That morning seemed like any ordinary day. We went to school like normal, and by then I was really enjoying classes with Germinal. Since the day he showed me the hidden books, we spent many afternoons together in the repository. My sisters didn’t know what I was doing, though I had let them read a few stories. They assumed the teacher was taking me to a library of some sort.
We were all trying not to think about the border of occupied territory, which was now just on the other side of the river.

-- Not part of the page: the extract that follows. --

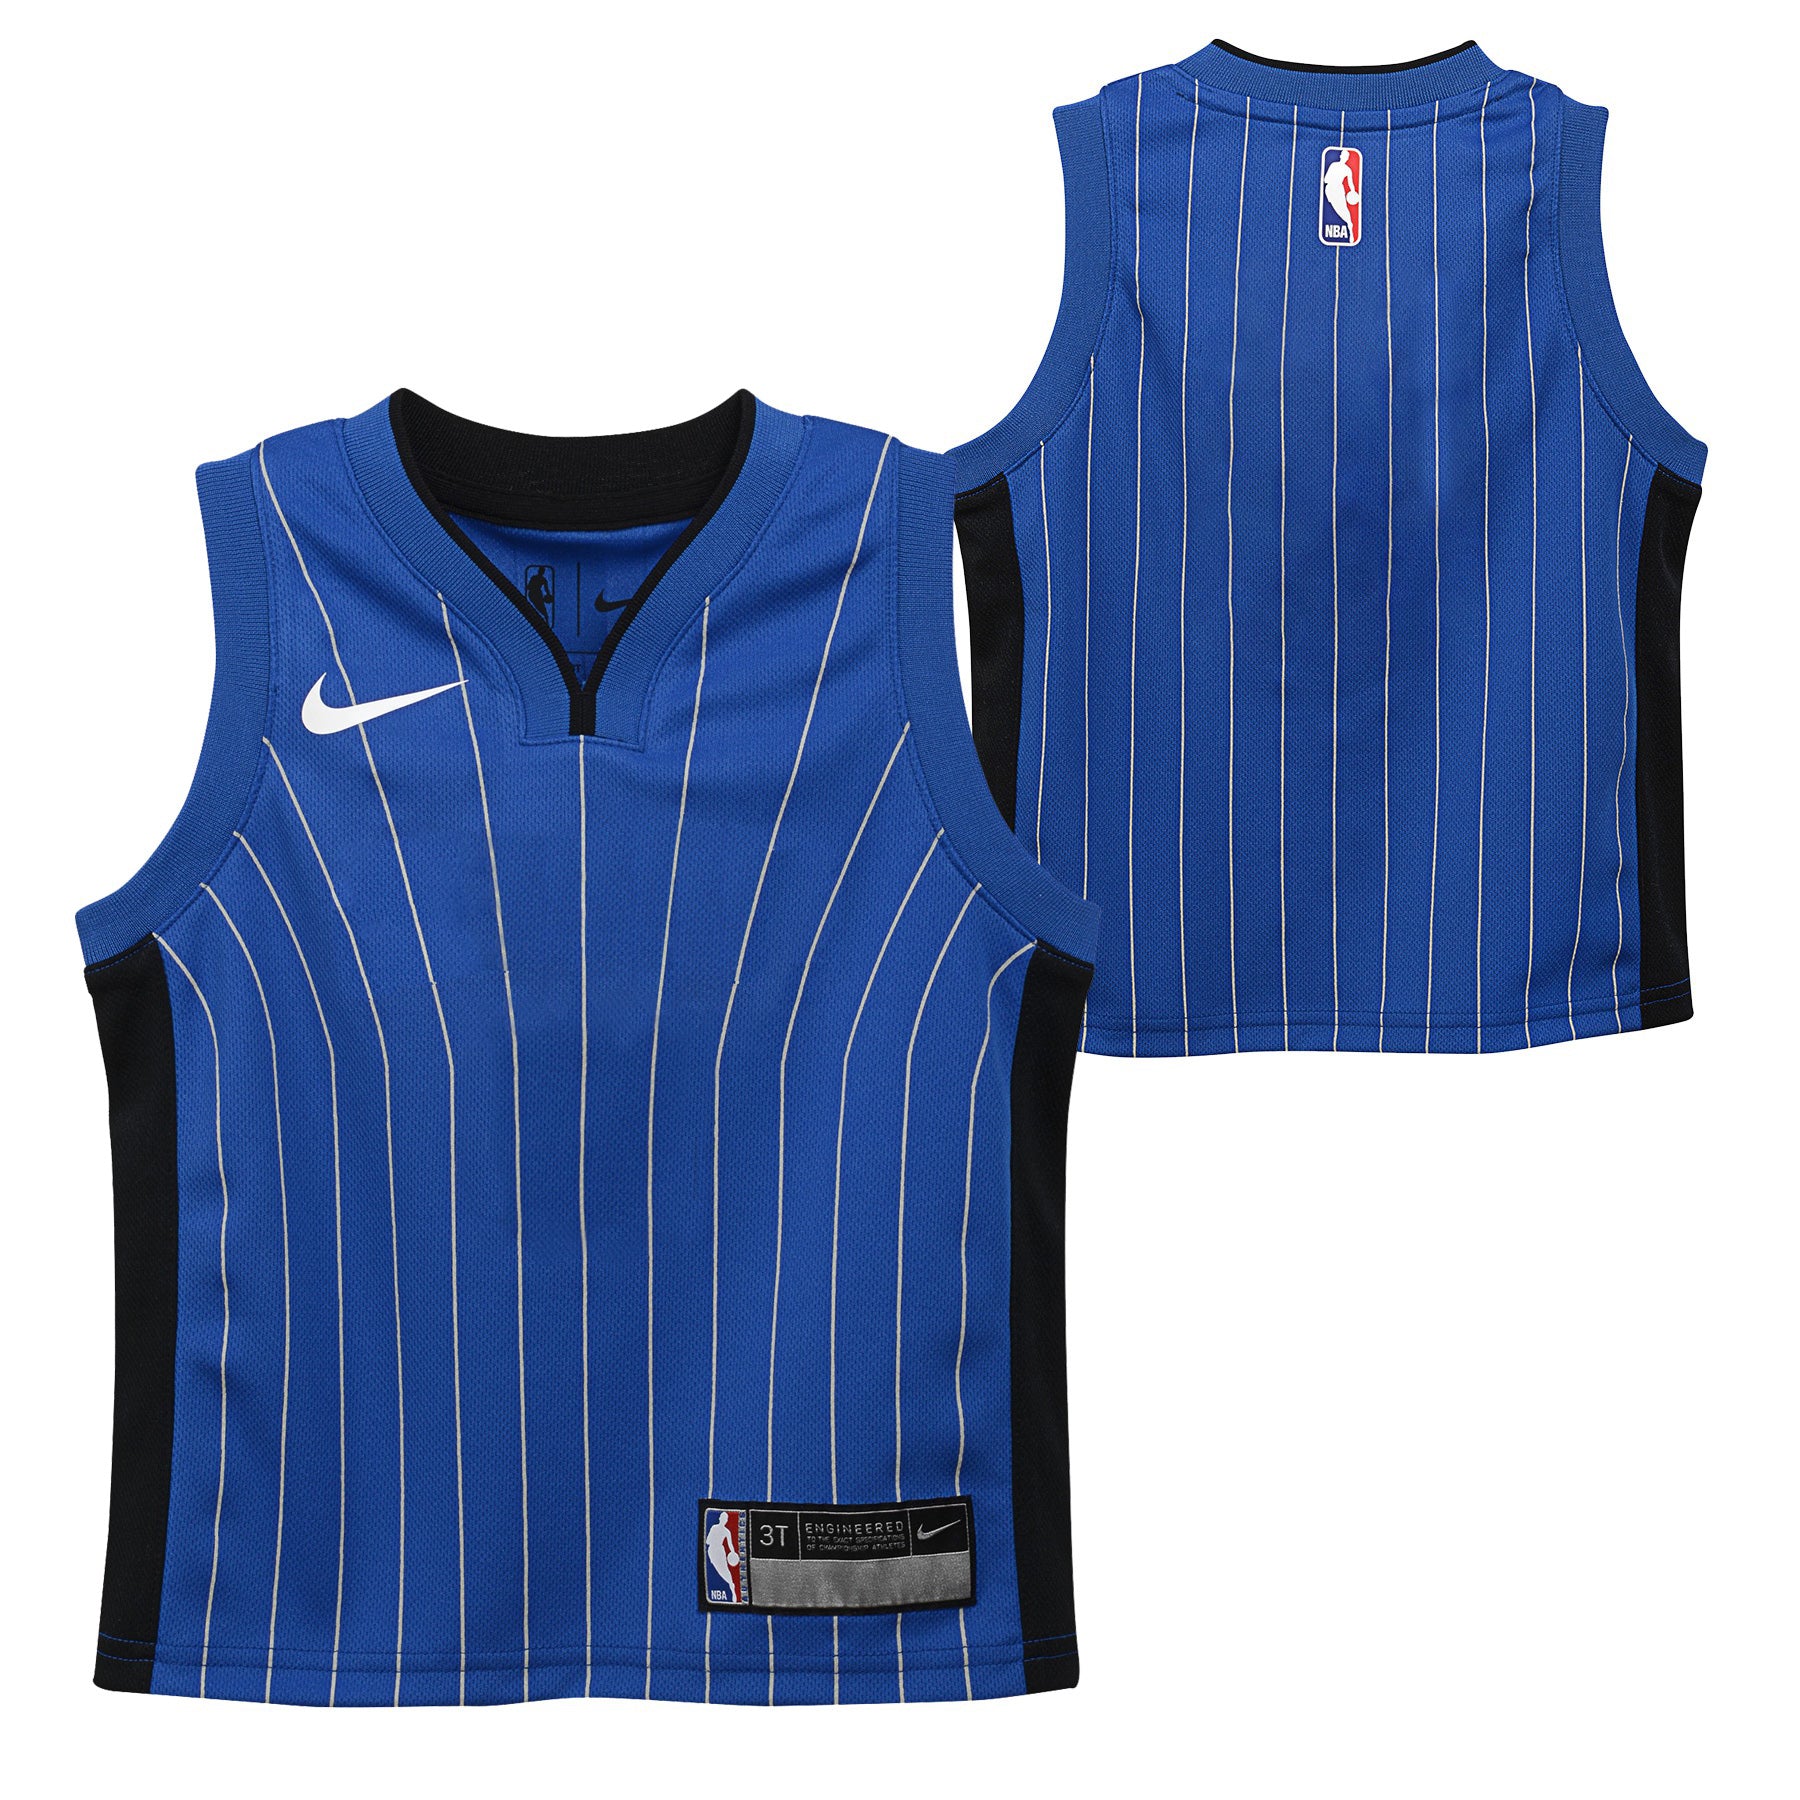 Concept jersey Nike NBA x Orlando Magic

Gunfire rang out and the missiles roared, but after each explosion Germinal resumed his lectures as if nothing were amiss.

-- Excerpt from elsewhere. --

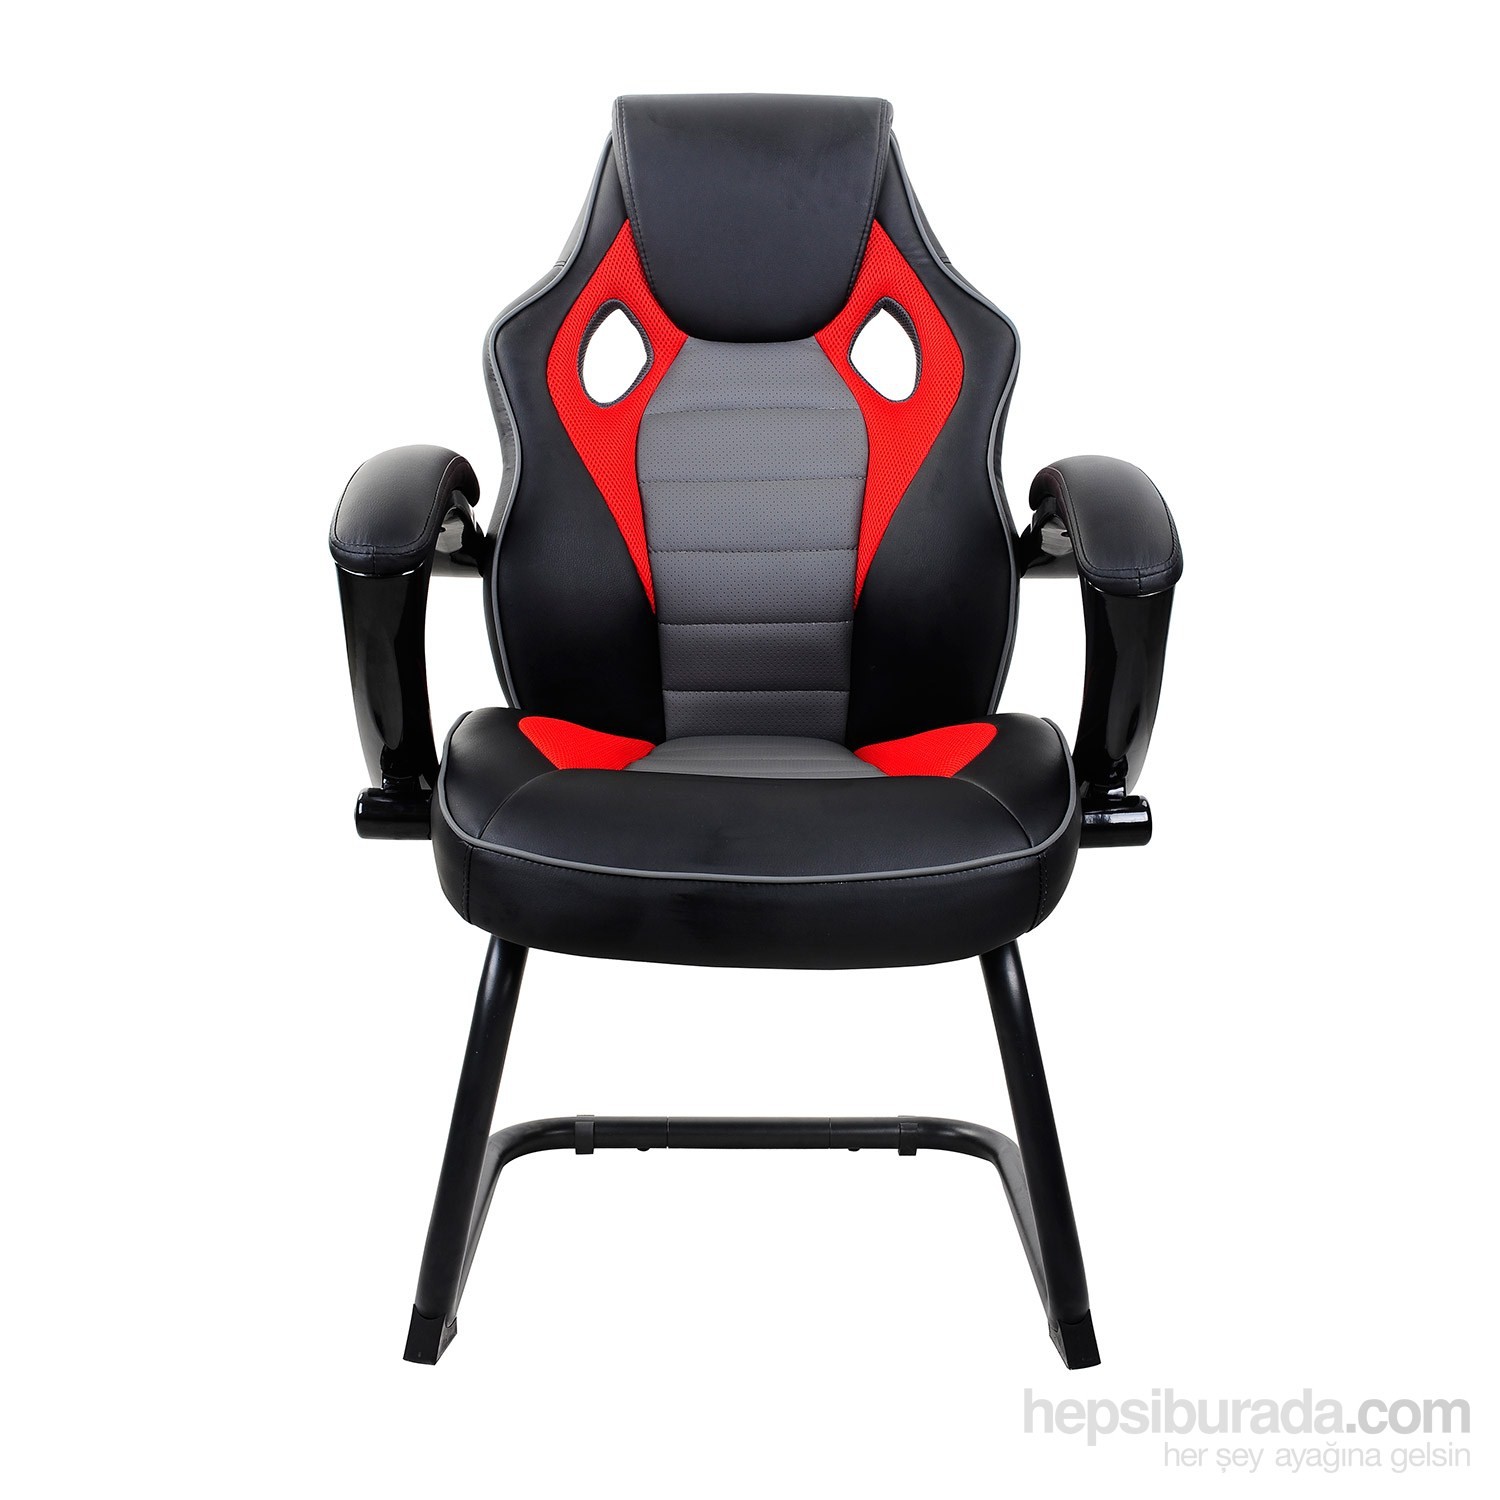 Max Office Racing Misafir koltuğu Siyah Gri Fiyatı

“Many believe that fear is bad, but they’re wrong, my students. Fear is very useful; cowardice is not. If we didn’t have a certain degree of fear, we’d be capable of the most imprudent actions. In contrast, cowardice is the attitude we take toward fear. Do you hear the bombs? You do, right? It’s normal for you to be scared. I am too. But I hope this doesn’t fill you with cowardice. The fascists are very close to us. As soon as they cross the river, nothing will be able to stop them. They need only occupy the bridge and secure their position, as most of the soldiers defending us have died or fled.”

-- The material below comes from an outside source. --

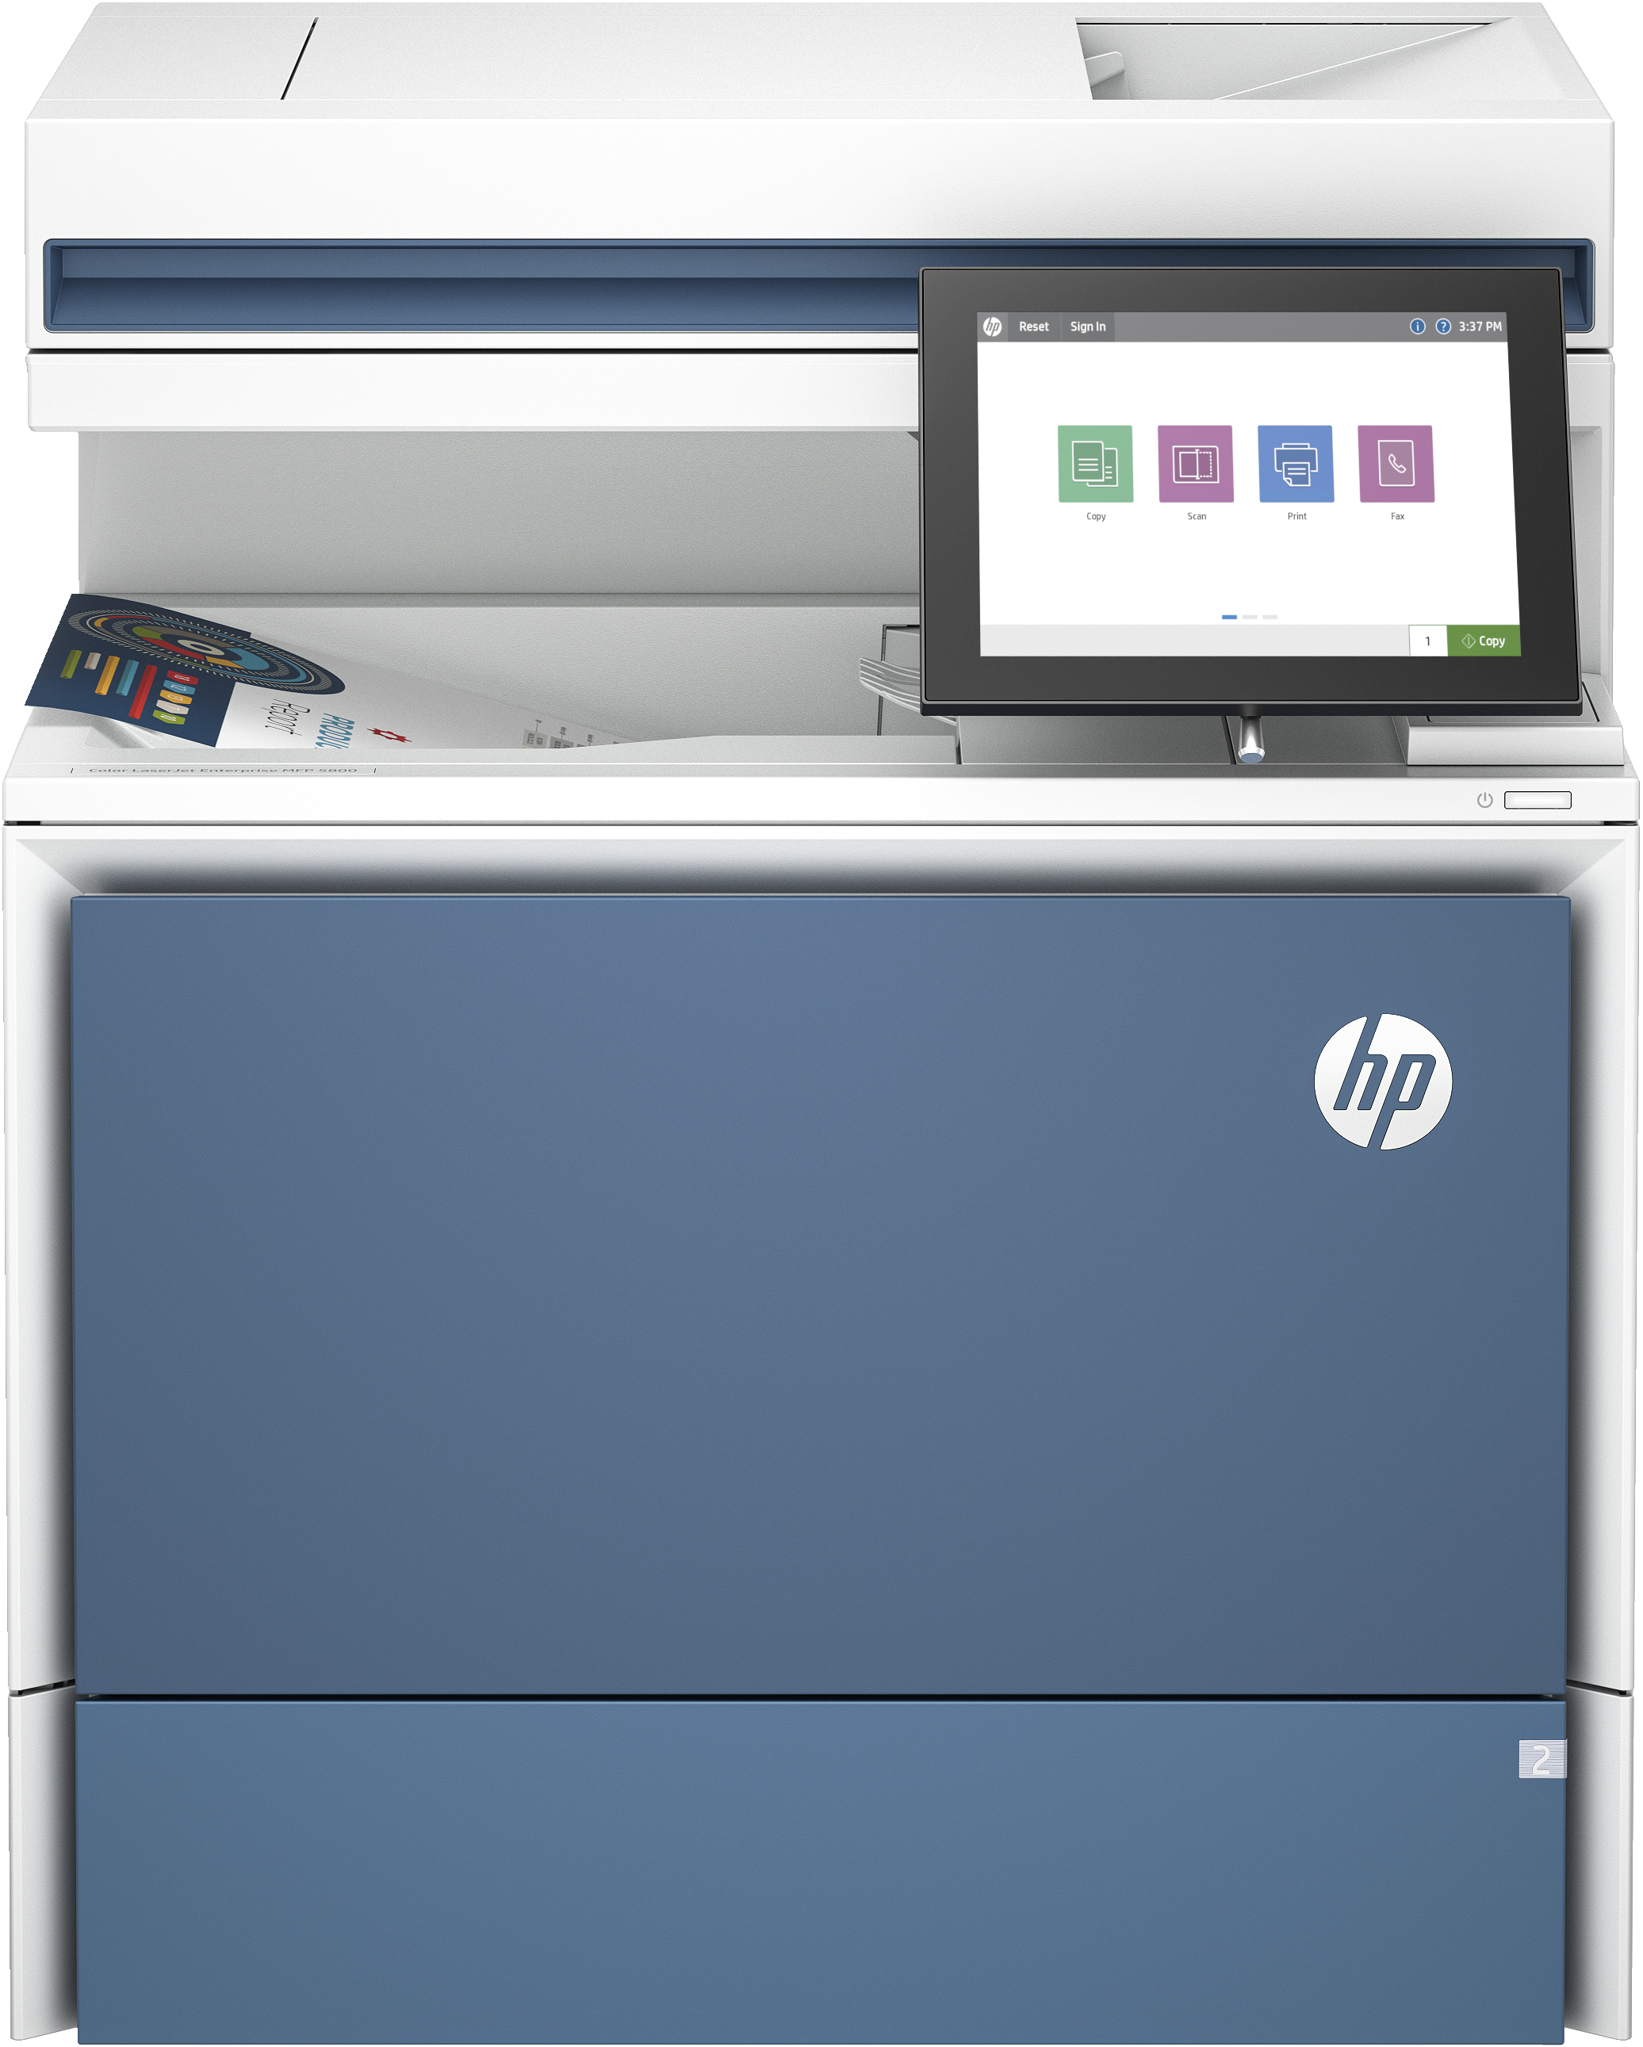 Bild von HP LaserJet Color Enterprise MFP 5800dn Drucker - Drucken - Kopieren - Scannen - Faxen (optional) - Automatische Dokumentenzuführung; Optionale Fächer mit hoher Kapazität; Touchscreen; Tonerkartusche mit TerraJet - Laser - Farbdruck - 1200 x 1200 DPI - A4 -

Just then the explosions sounded much louder, along with the sound of a big machine being dragged. My classmates couldn’t hold out any longer and ran to the windows. I joined them with reluctance.
“Look at that,” Óscar said, pointing to what looked like an armored German car. The Republican soldiers were trying to stop it, but it was relentless in its advance. The fascists crouched behind it and shot continuously at the defenders.
“Get away from the windows!” Germinal warned. But we paid no attention, hypnotized by the crossfire. Eventually we watched our men fall back and retreat up the road that led to Morata.
“Please don’t leave the school building,” the teacher said.
By noon we were ravenous, but the teachers were too scared to send us home. Then some soldiers approached. They stood in front of the school and yelled for everyone to file out. A colonel stood at the door and ordered us to make a line of boys and a line of girls, so our teachers led us out to each side.
“I am Colonel Asensio,” said the man in charge. “You have nothing to fear. We have driven the reds out of the town. Peace will soon come, and the communists will harm you no more. Viva Spain!” he shouted at the top of his lungs, and we all echoed in chorus. He turned to the teachers.
“You are Professor Germinal Fonseca?”
“Yes, colonel.”
“And you are Miss Teresa Agudo?”
“Yes.” Her voice trembled. She was hugging the youngest girls to her, including my sister Ana.
I’d never seen fascists up close this way, except on the day of the Montaña Barracks siege the year before. On the one hand, they looked like normal soldiers. Yet their cold, mocking air did not foreshadow anything good.
“We were told by members of the town that you two belong to the teachers’ union and that you defend the reds. Is this true?”
Germinal, showing no fear, answered, “All teachers belong to the teachers’ union.” Here, his lesson on the difference between fear and cowardice continued.
The colonel turned toward the students and looked us each up and down. “You, his pupils, you’ll know better than anyone whether this old fop is lying. Has your teacher spoken out against the Nationalists and our caudillo, Francisco Franco?”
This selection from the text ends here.